Tense Again: New COVID Variant Causes Worst Market Sale in 70 Years
As we pointed out last weekend that “” the bad smell erupted in the form of a sharp drop in global markets due to the emergence of a particularly virulent new strain of COVID. In fact, it was the worst post Thanksgiving sale in 70 years for US markets.
IWM daily chart
Considering that the markets have at least a short-term memory, a new weakness seems to be looming at least until our sentiment and our market internals are twisted to the downside or something emerges that shows the new tension is. under control one way or another.

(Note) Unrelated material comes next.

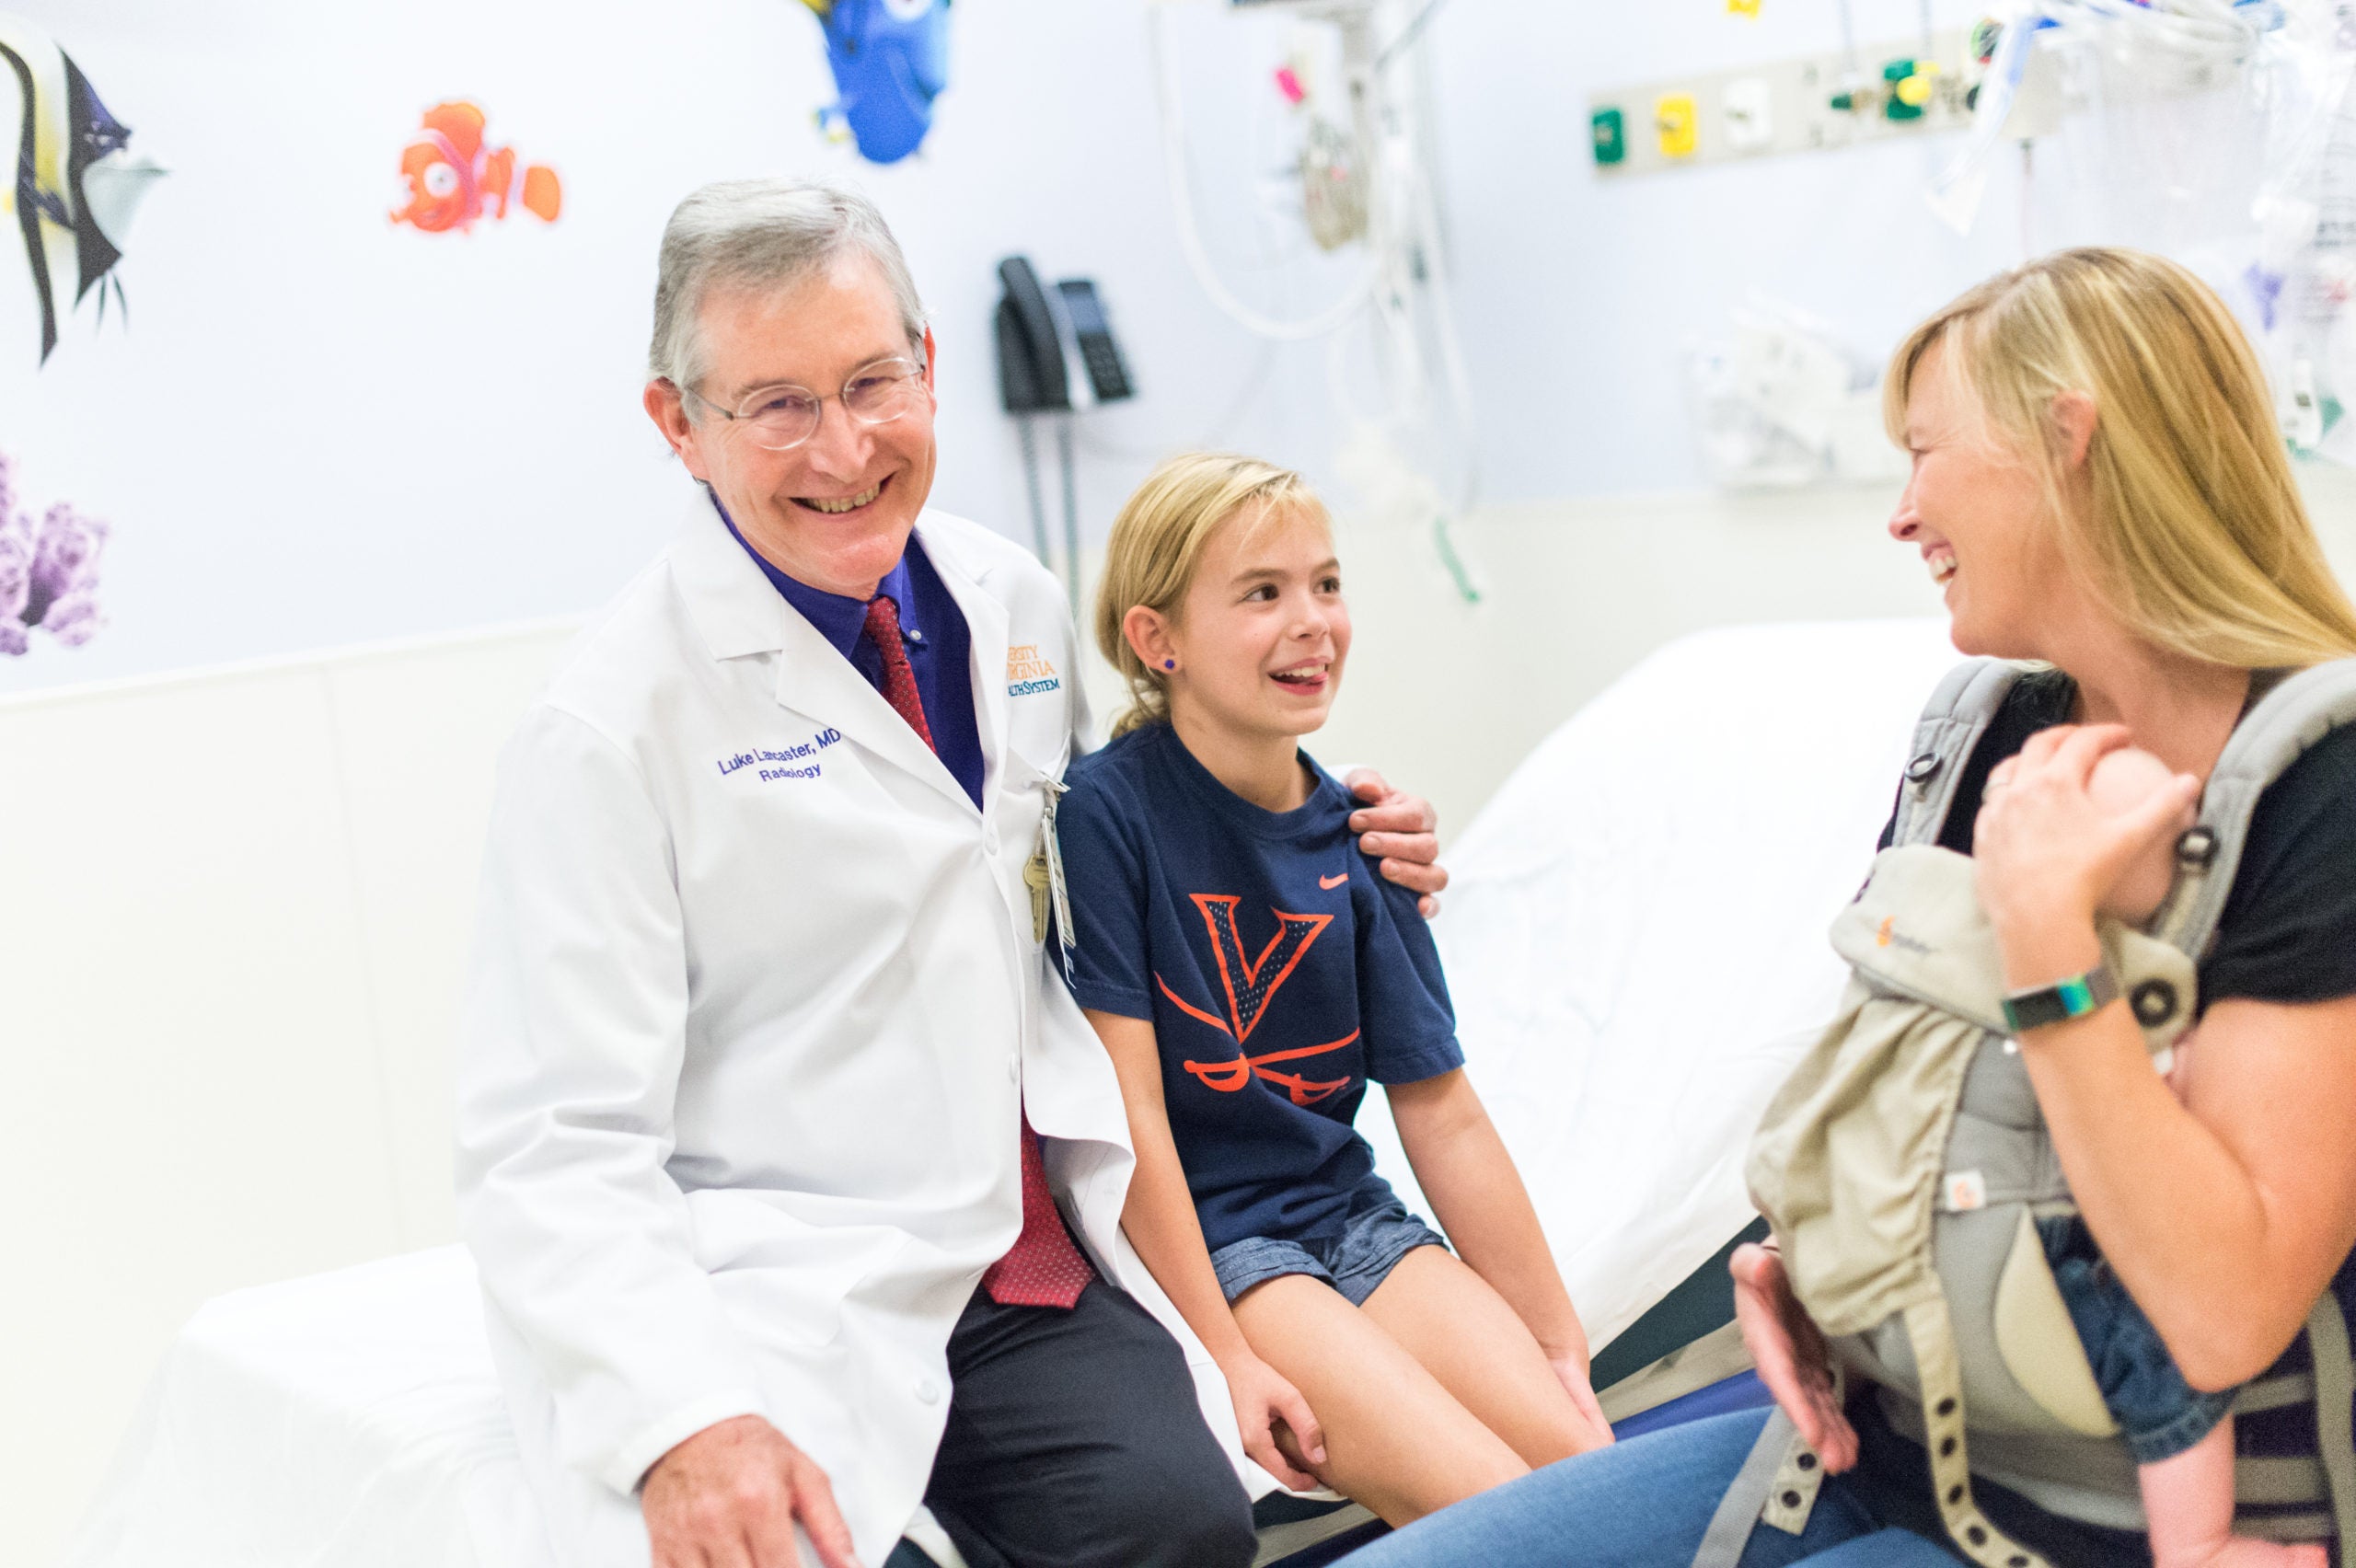 Dr. Luke Lancaster, Associate Professor of Pediatric Imaging, with a young patient

Other than that, traditional market statistics regarding the strength of the year, especially when markets are already strong, might be the exception this time around. Most worrying is the failure of small caps () which clearly failed a recent breakout after erasing more than 6 months of side action.
Risk activated / bullish
- Risk indicators are still neutral on the SPDR® S&P 500 (NYSE 🙂 despite the massive sell off
- The () did not leave a downward gap and its uptrend remains intact on the weekly charts
- Value stocks via Vanguard Value Index Fund ETF Shares (NYSE 🙂 underperformed Growth stocks – Vanguard Growth Index Fund ETF Shares (NYSE 🙂 even during the sharp decline
- Semiconductors (), one of the most speculative sectors in the market, continues to outperform SPY and has the highest TSI score in the modern family
- IWM is approaching oversold levels and could be ready for a rebound shortly
- () fell below key moving averages, while maintaining positive momentum according to Real Motion
- The volume analysis appears relatively neutral with the exception of the IWM, although the purity of the volume reports that it is a bit skewed due to the shortened holiday week.
Risk disabled / Bearish
- All major indices fell sharply, between -1.8% and -4.5%, with the worst being IWM with a close below its 200-day moving average (DMA)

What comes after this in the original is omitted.